§ Directions for this task:
Omit every picture and return the rest of the data unaltered.

§ Data below:
════════════════════

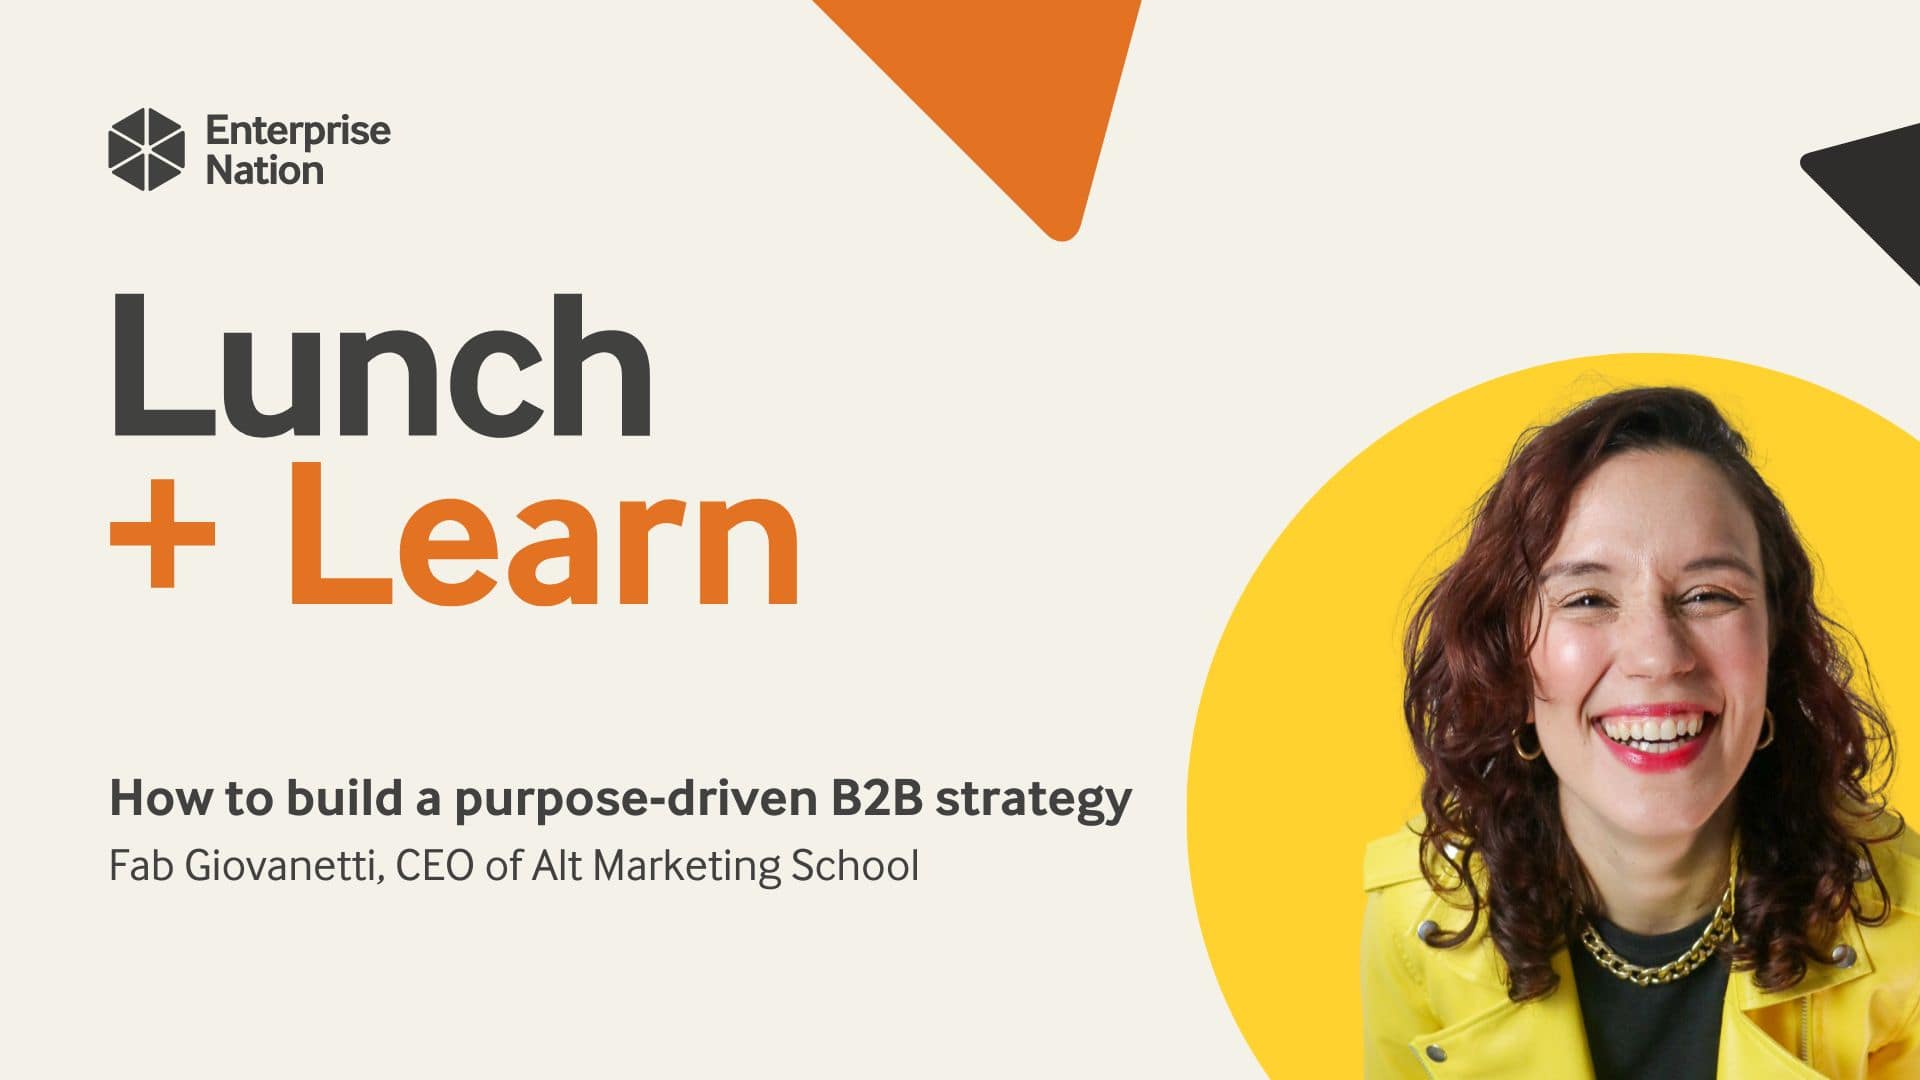 Lunch and Learn: How to build a purpose-driven B2B strategy
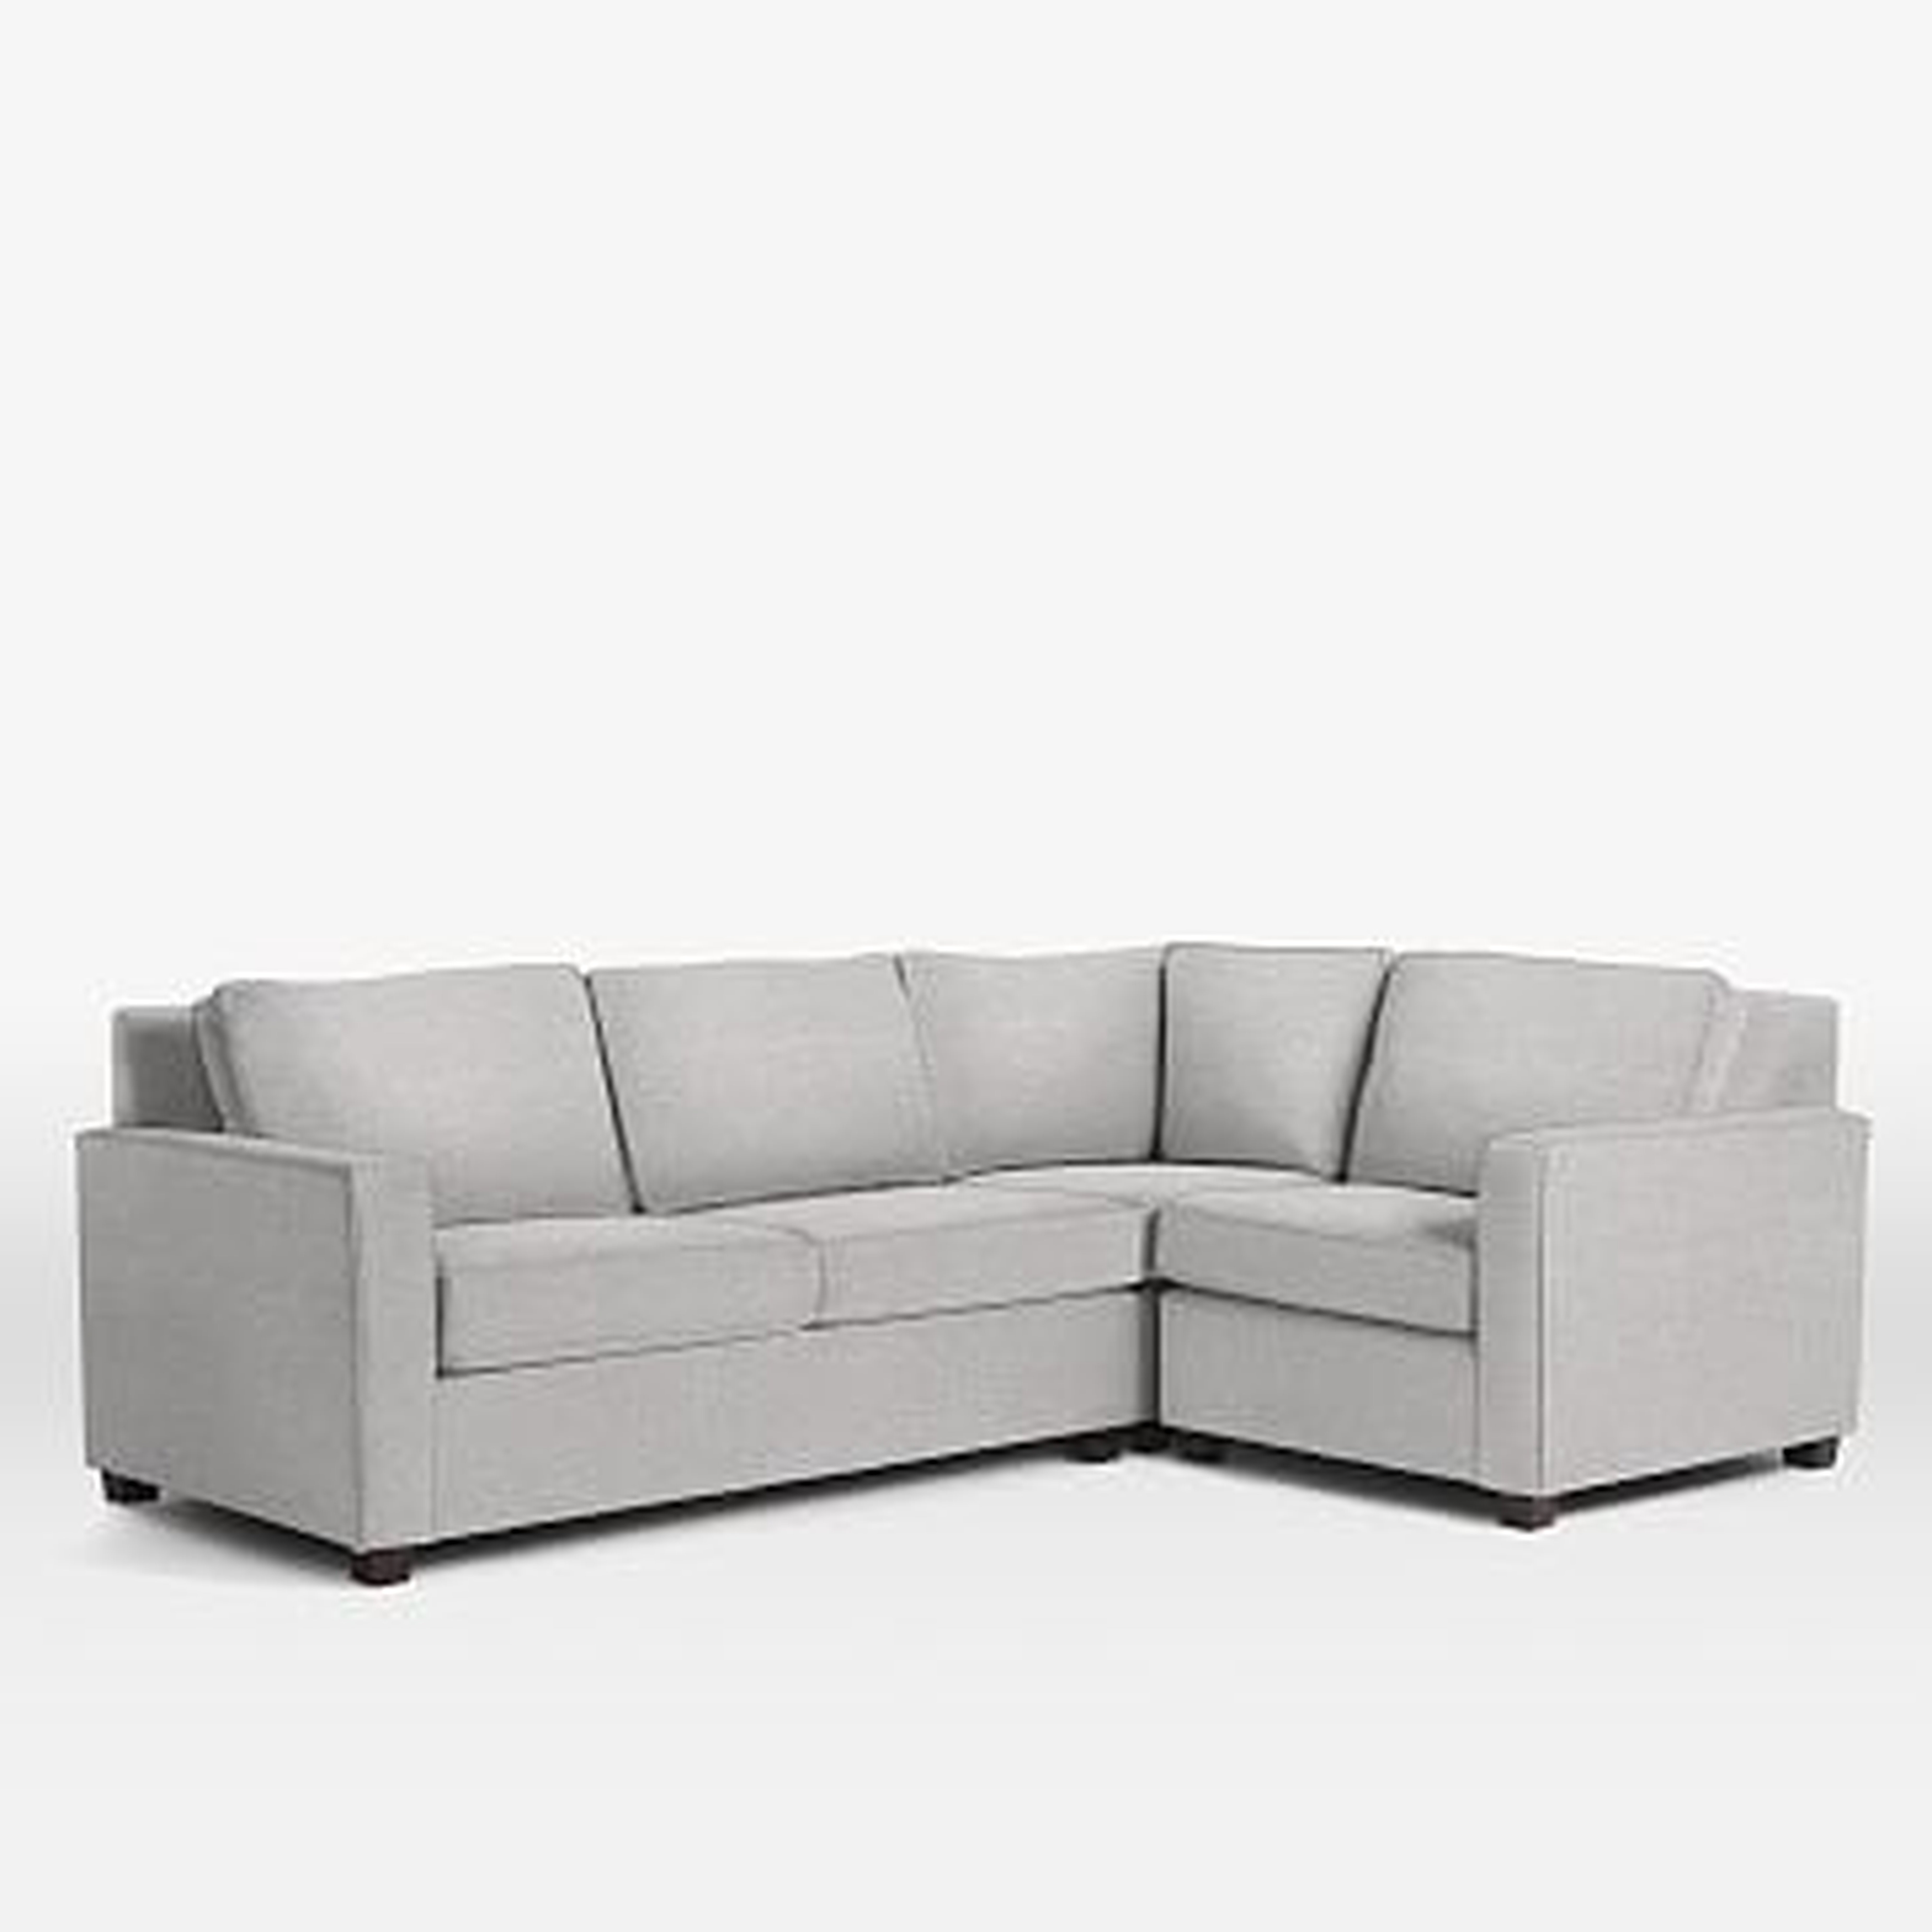 Henry Set 2- (Corner, Left Arm Loveseat, Right Arm Chair), Chenille Tweed, Frost Gray - West Elm
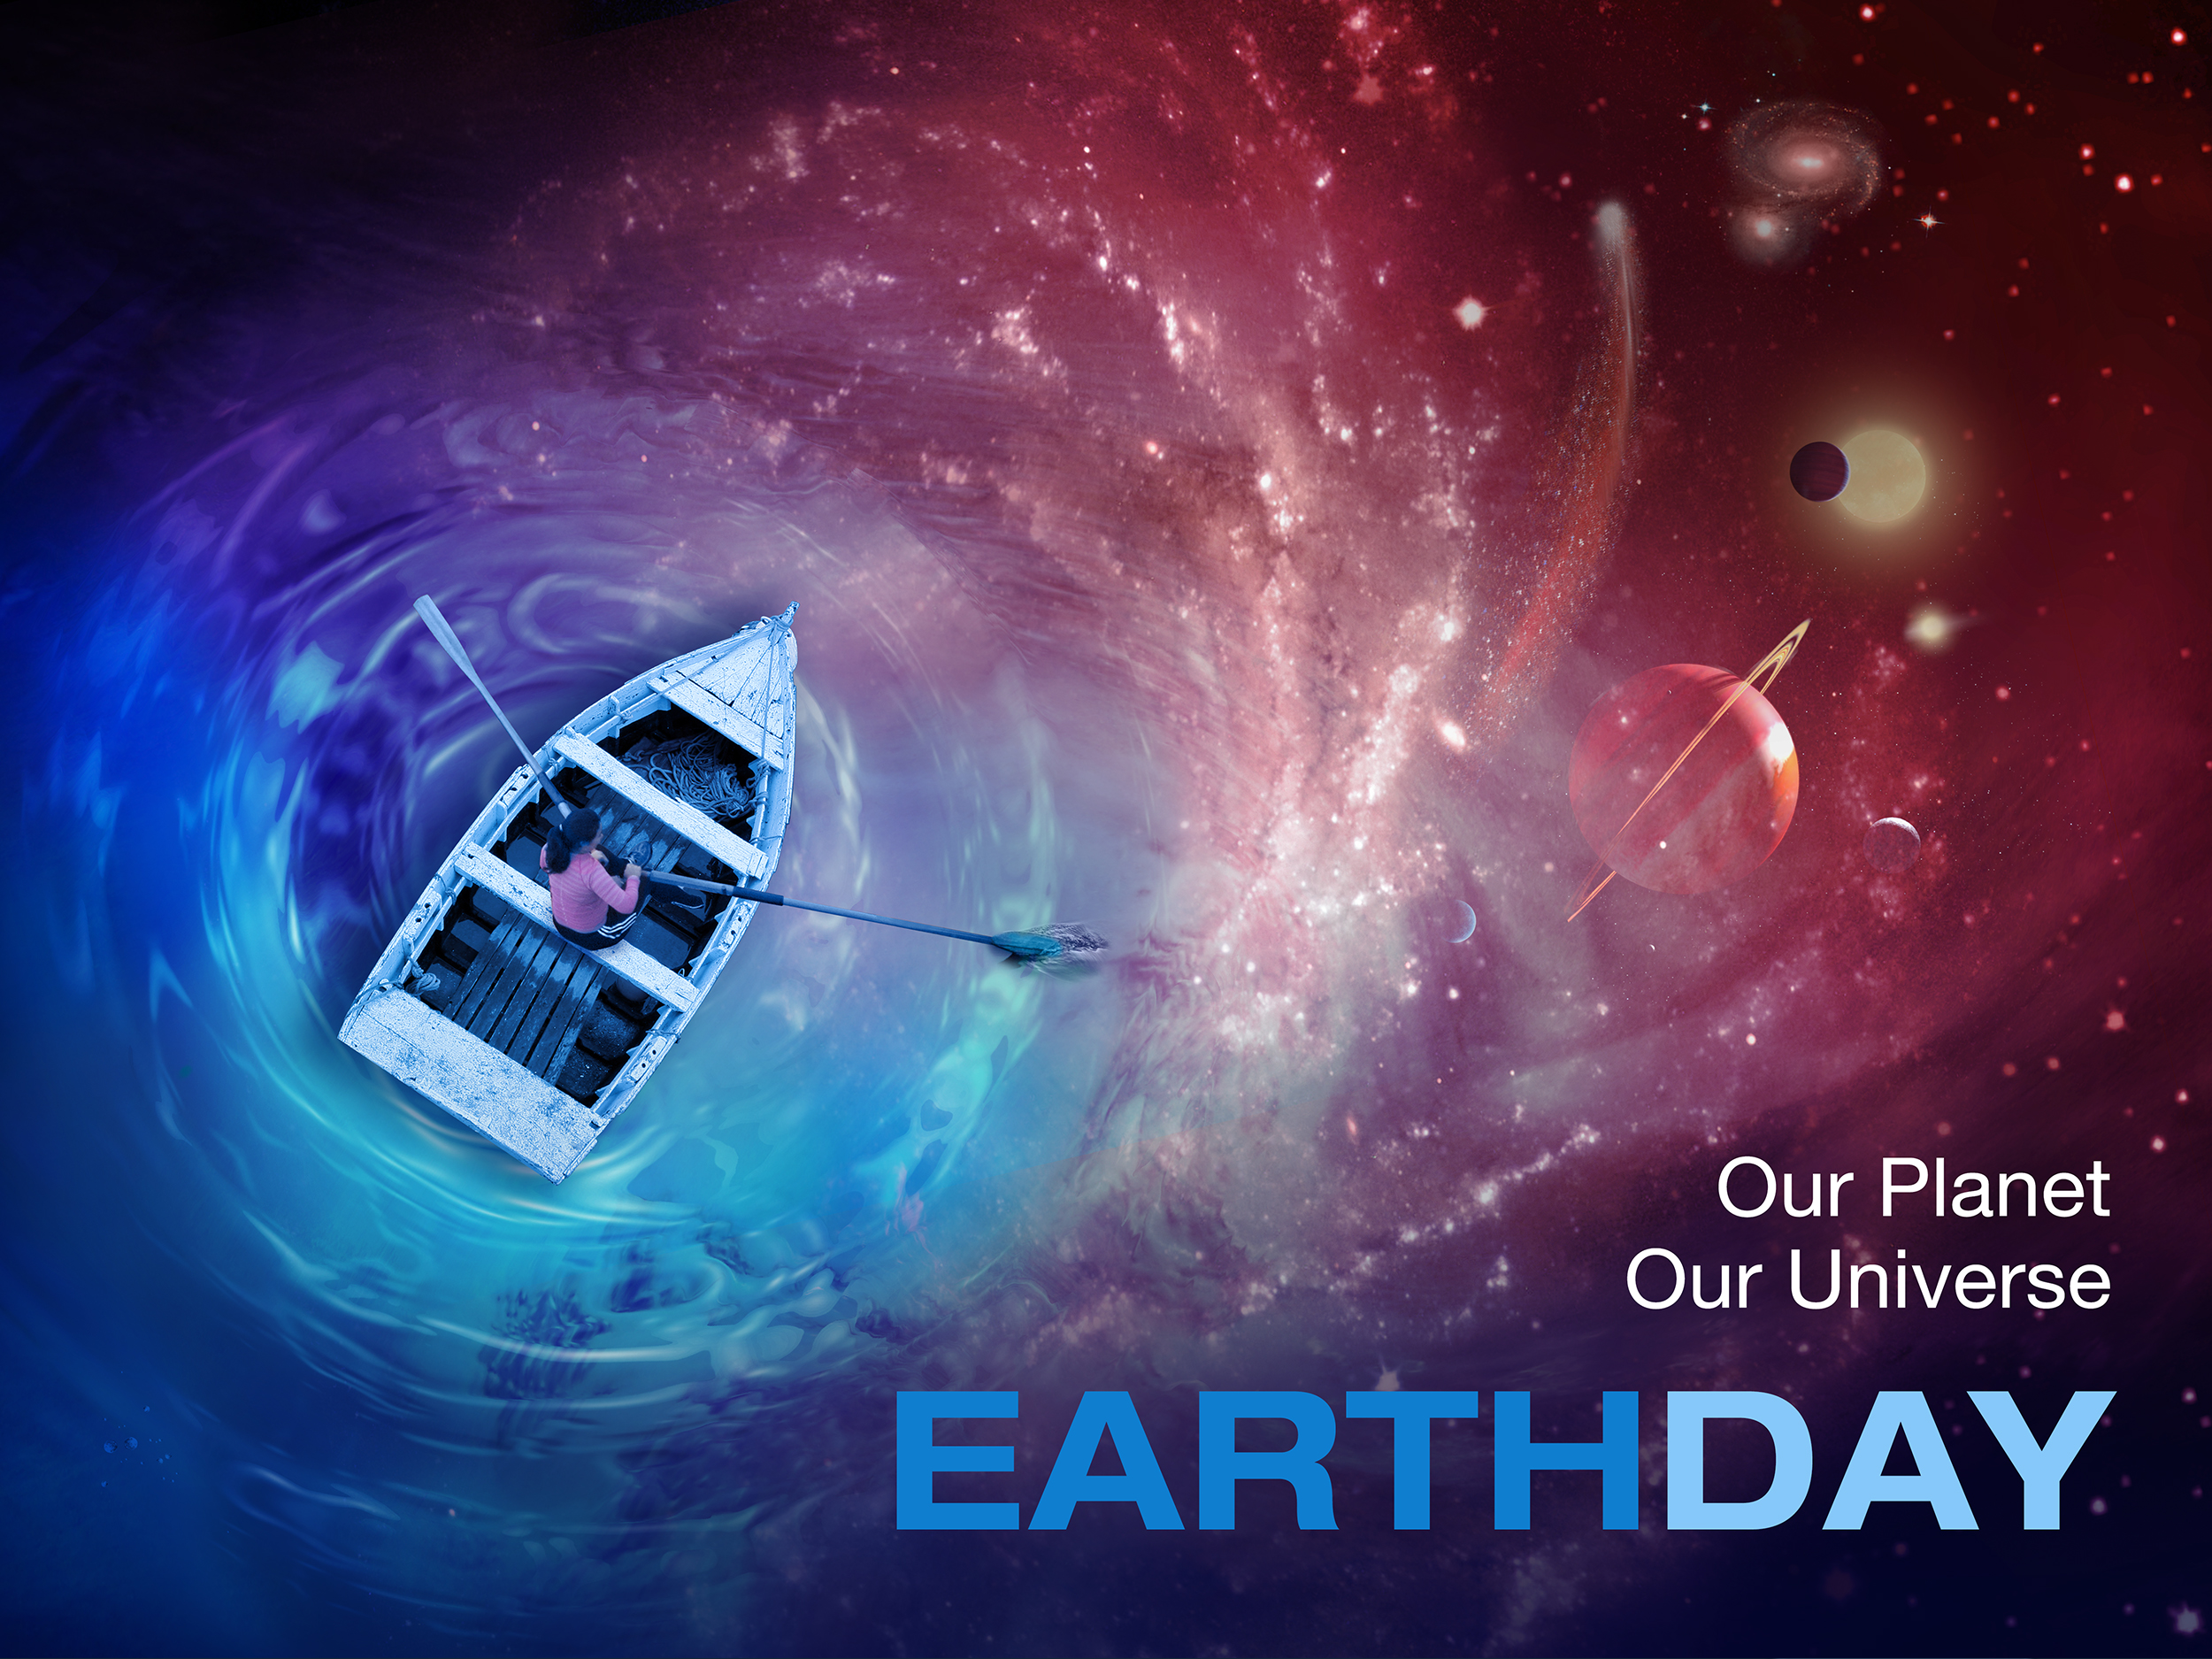 Earth Day 2013 poster

════════════════════

§ Solved problem:
 Lunch and Learn: How to build a purpose-driven B2B strategy
 Henry Set 2- (Corner, Left Arm Loveseat, Right Arm Chair), Chenille Tweed, Frost Gray - West Elm
 Earth Day 2013 poster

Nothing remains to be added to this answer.